Note that the in memory representation of the row in the storage layer is bytes, but that the in memory representation of the row returned to the rest of the system is an array of java objects.
There are 2 interesting cases: 1) queries which get their rows from pages in the cache 2) queries which don't get any hits
For case 2 imagine a scan of a million rows, with no cache hits. In the
current architecture with many of the datatypes the scan can be done with a single object allocation vs. 1 million * number of column allocation for the object. I haven't run the test recently - what is
the overhead of 10 million object alloc/dealloc on a recent jvm?

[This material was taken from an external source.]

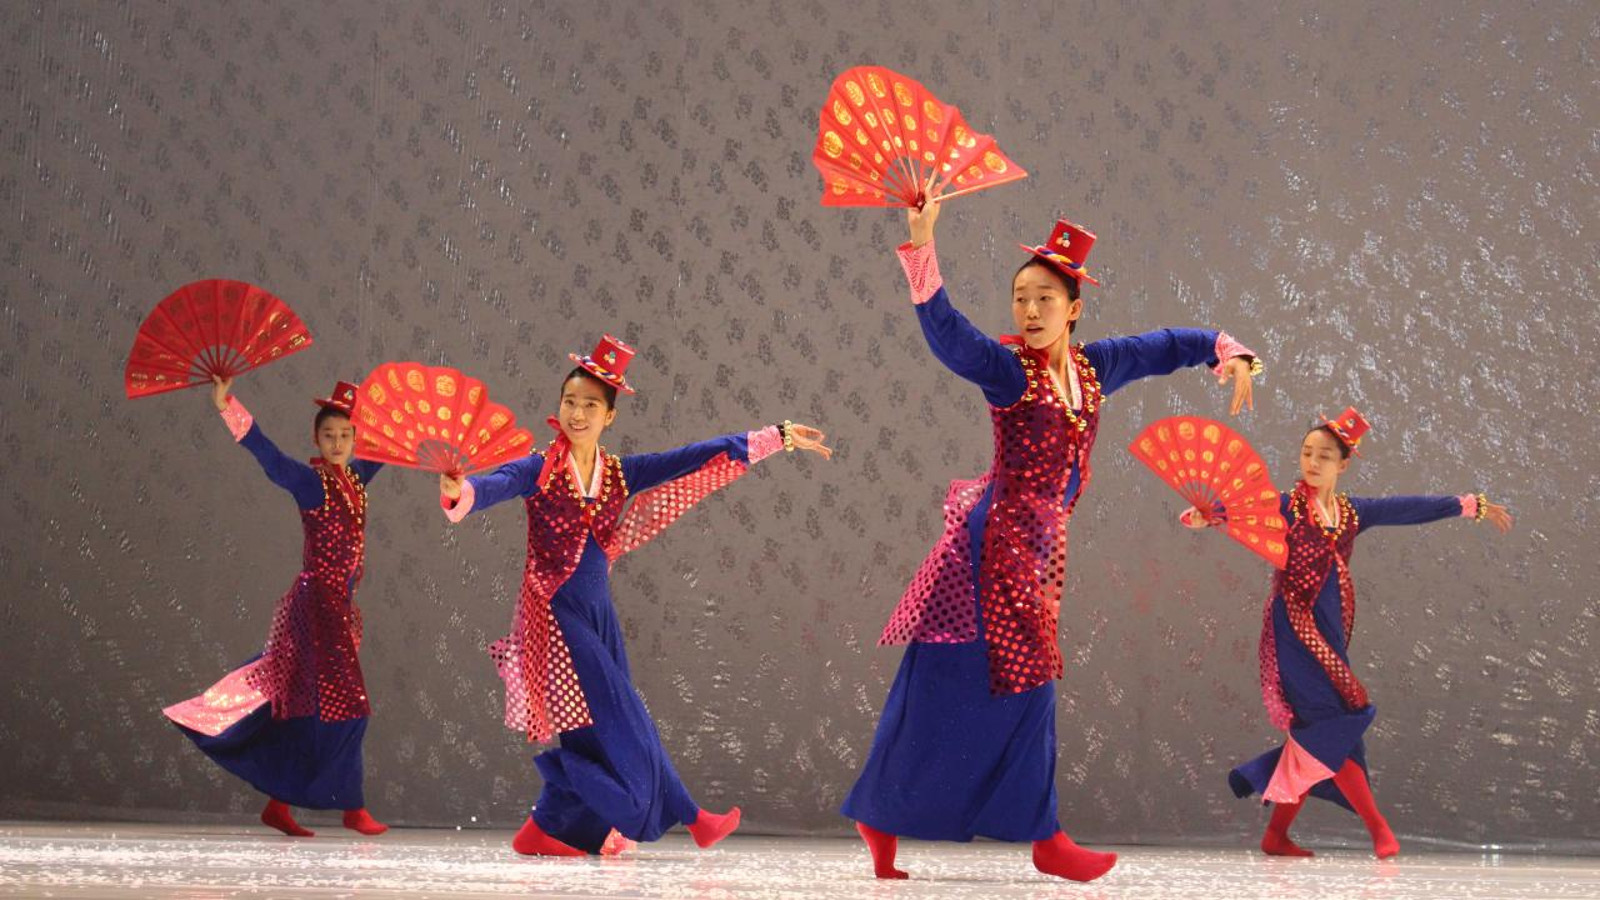 Kuvassa on tanssijoita traditionaalisiin pitkiin koristeltuihin pukuihin ja viuhkat kädessään. Värit ovat sinisiä ja punaisia.
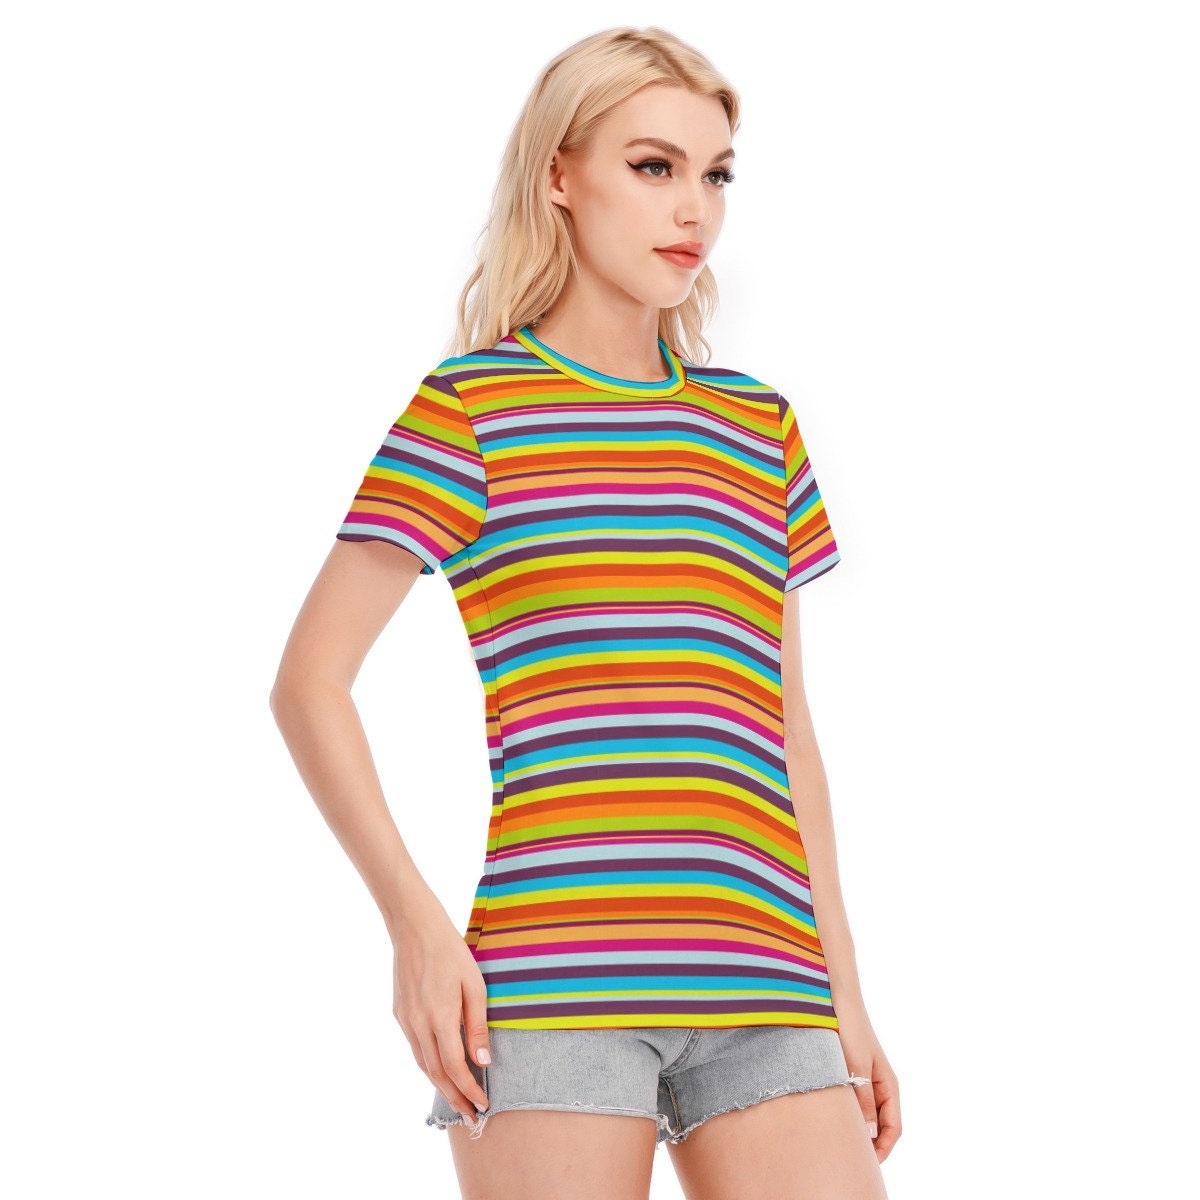 Retro T-Shirt, Stripe T-shirt, 80s retro tshirt, Vintage style Tshirt,Womens Retro T-shirt, Multicolor Stripe T-shirt, 70s 80s style T-shirt

An immutable row architecture would probably perform better for case 1 than the current system. It is not a simple change as currently the
interfaces assume the caller into store "owns" the space of the row, so
store can't cache the object versions of rows and pass them back as
they might change.
An immutable row architecture would make even more sense for a in-memory version of derby.
Jean Morissette wrote:
Hi developers,
If you could recreate Derby, what would be the more globaly performant tuple memory representation (byte[], ByteBuffer, offet in a byte[]/ByteBuffer, java object, ...) that you would choose?
I'm wondering if creating java object for each tuple and let the gc do its work would be more performant than having a reusable ByteBuffer that contains many raw tuples? What do you think?
Thanks, -Jean